Oh well, everything is political...

Linux is the only socialist OS I've ever known  :Wink:  
Windows -> capitalist+imperialist
BSD -> ? (didnot used it yet)



> I say, get over it - stand on your own two feet (if I'm not offending anyone who doesn't have two feet), and don't worry about 'reporting' - isn't that what authoritarians do? (Ohmygosh!!!!! its an anarchist, right here on Ubuntu, whatr're we gonna doooooo????)

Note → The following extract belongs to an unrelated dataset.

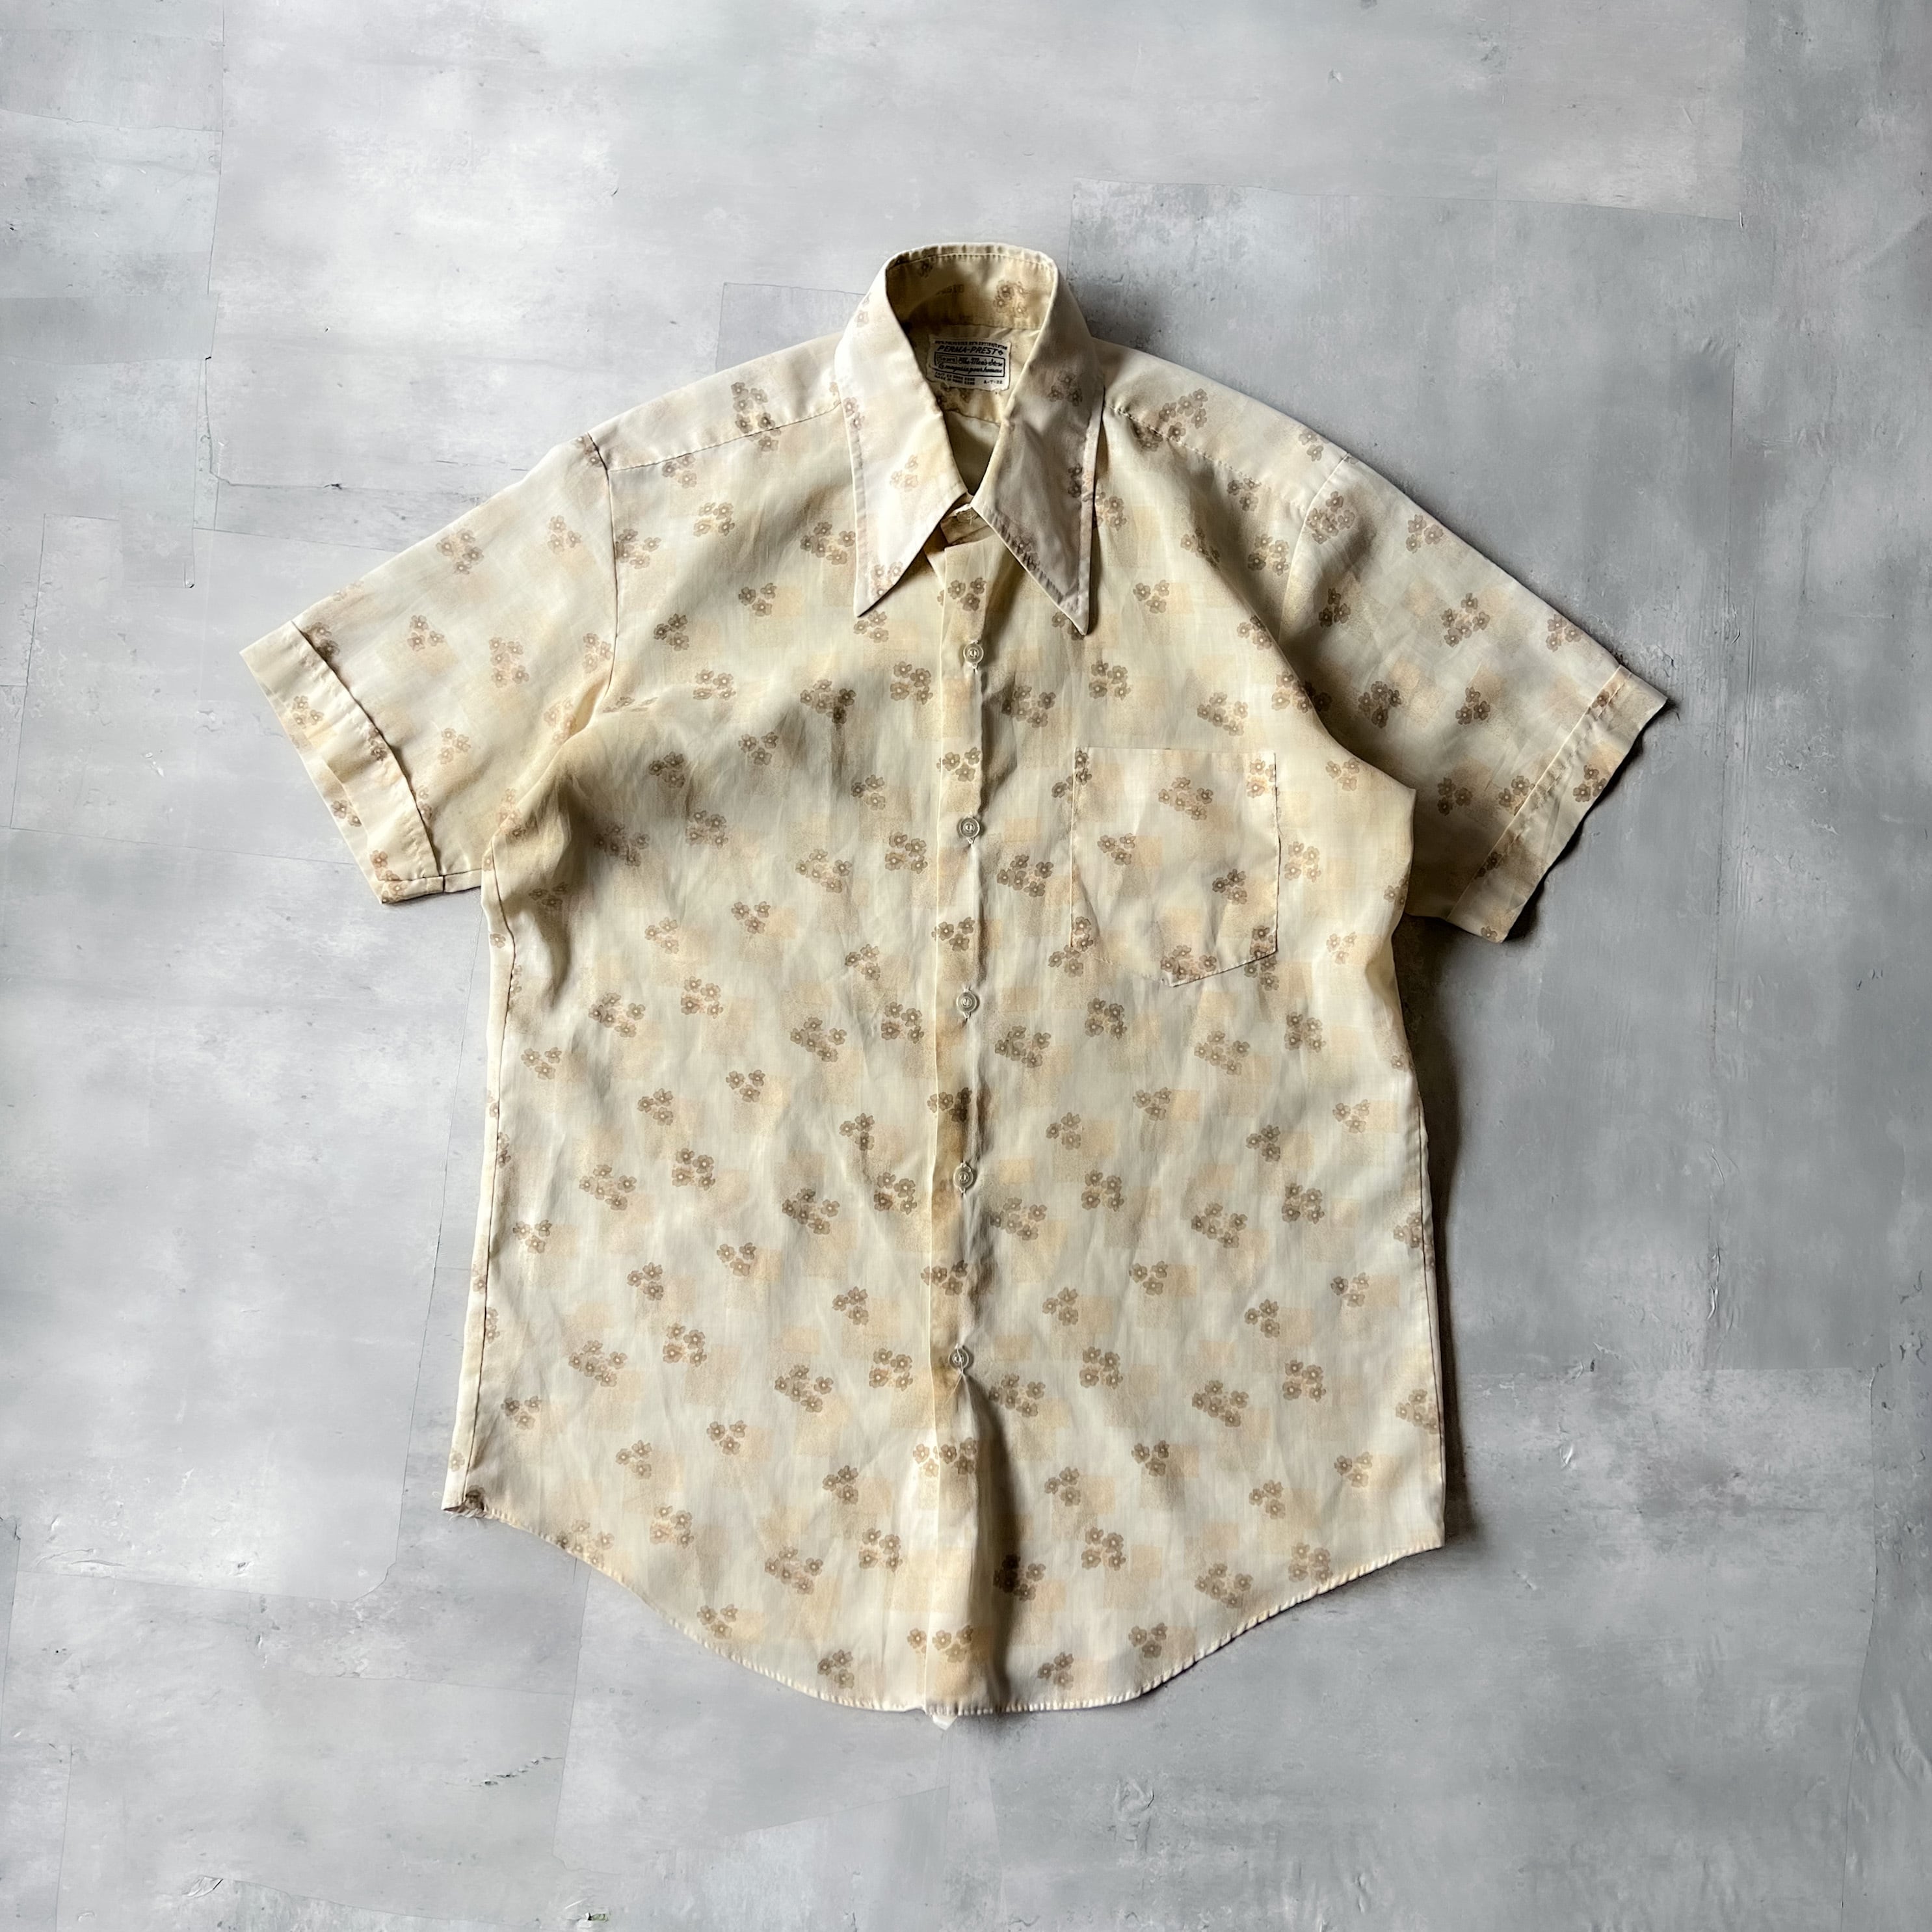 70s “Sears” flower pattern shirt 70年代 シアーズ 花柄 半袖シャツ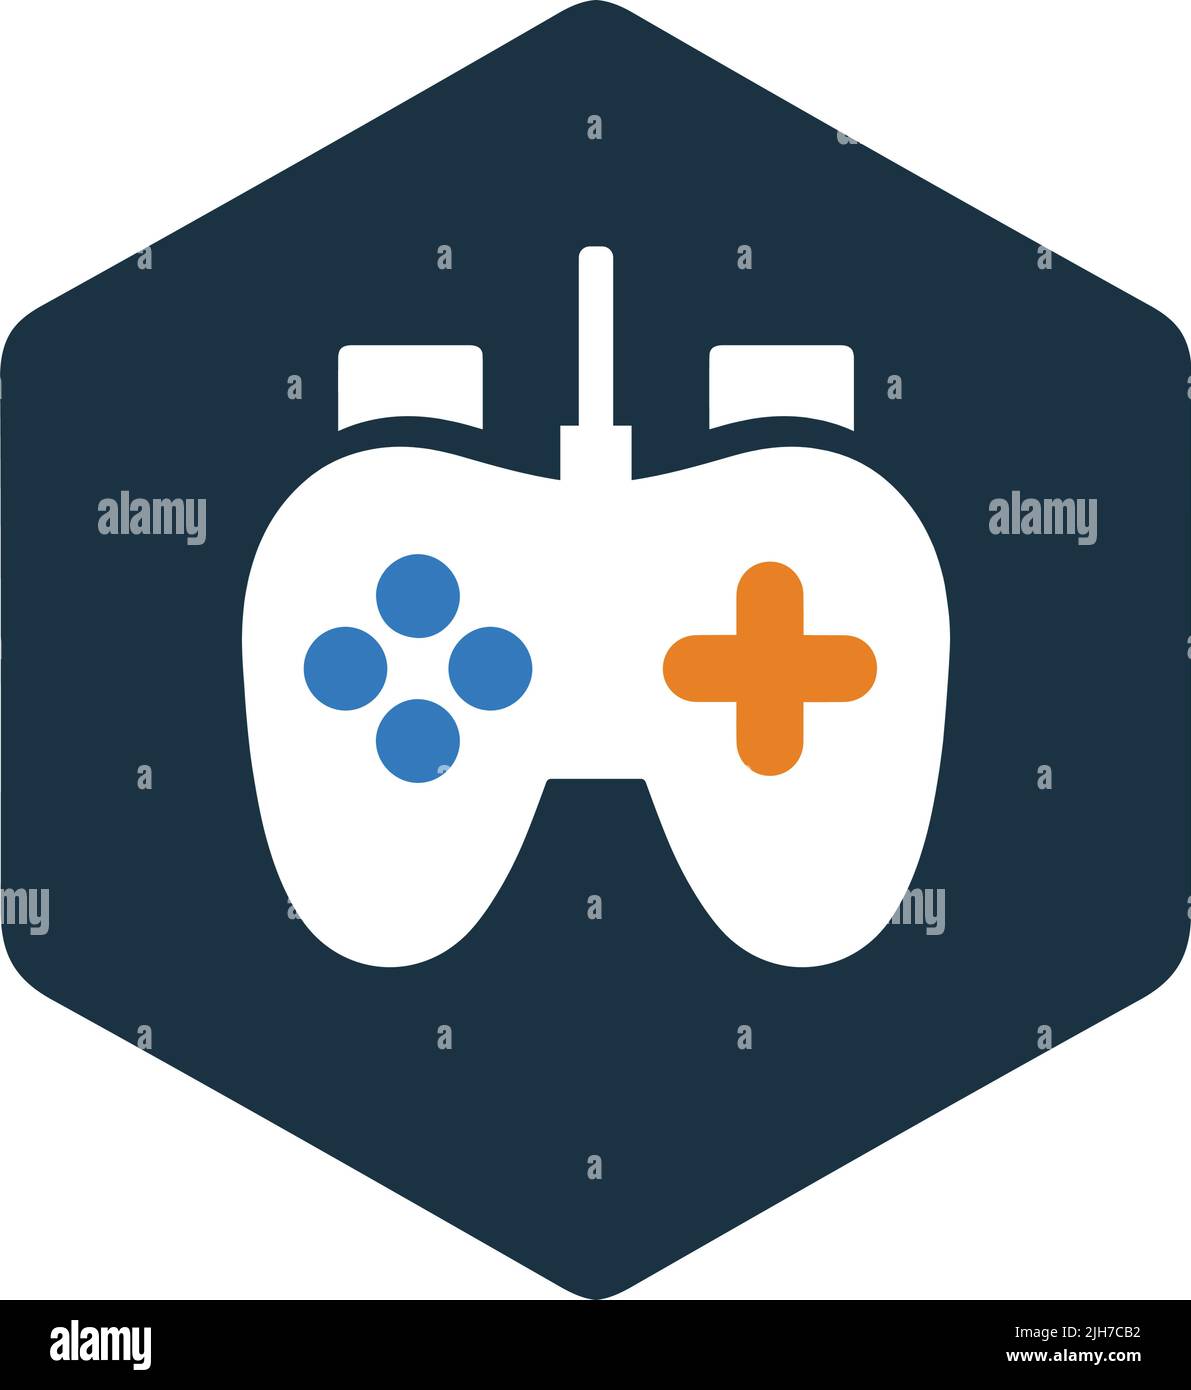 Blue Gamepad Logo - Turbologo Logo Maker

as for turdomatic's flaming of the OP, I think turdomatic is a little confused about anarchism and all that  :Wink:  He seems to have lost the boundary between the standard American individualism and the anarchist stance against hierarchy. 

Recommended reading: http://en.wikipedia.org/wiki/Anarchi...m_and_feminism (as source for other resources)

----------


## g2devi

My own thoughts on the sexism/tolerance issue is that the whole "reporting abuses" comes with the attitude, "I'm right. You're wrong. Measure up to my standards or else.".

This might not be the most ideal approach or the approach that is closest to the Ubuntu spirit.

My own thoughts are that the best approach is simply to have a conversation with the person with respect and an open mind (even if the other side does not reciprocate). 

Whenever such "abuses" are encountered, I see the following possibilities and outcomes.

(1) The "abuser" really does have a toxic attitude and the "abuse" really is an abuse. In this case, firm respect and being open might help make this person a little less toxic (Congratulations if this happens!). If nothing else, you'll be able to be confident that you were right and will help build a care against this person and be able to more strongly support others who are affected by the toxicity.

(2) The "abuser" said something that comes across as toxic to most people but wasn't meant to be. In this case, firm respect and being open lowers this person's defenses and makes it easier for the person to apologize (instead of denying and causing a stink). Congratulations you've help clear up the "abuser"'s reputation and made the forums fun again.

(3) The "abuse" really wasn't an abuse. You misunderstood the context and were being overly sensitive in a way most people would not be. (It happens to all of us. Our past experiences can cloud our judgement) In this case, talking about it with respect and openmindedness can help change your perspective and help make you more tolerant. Congratulations! You've learnt something!

(4) A little bit of (1), (2), and (3). In this case, the "abuse" likely isn't that big and the "offense" isn't that big either, but talking about it can get both sides to be more sensitive to one another. Congratulations, you've made the world a bit more tolerant and sensitive!

(5) The "abuse" is actually a sign of respect or reverance in some culture, but is offensive in your own. This is the toughest one to deal with because both are right. The simplest example of this is the Spanish word for "you", which can either be written as "tu" (informal) or "usted" (formal). In some (formal) countries, if a man uses "tu" with a female coworker or stranger, it would be presumptuously offensive unless that woman were his girlfriend or close family. In other (close knit) countries, it would be arrogantly offensive unless the woman her his boss or lowly servant. The english equivalent of this cultural divide is the use of first names versus "Ms/Mr Lastname". Anyway, in this case, respect and openmindedness can help both sides realize that there's another way to see the world. Congratulations, you've both just learned something and experienced the cultural spice of life that makes the world an interesting place!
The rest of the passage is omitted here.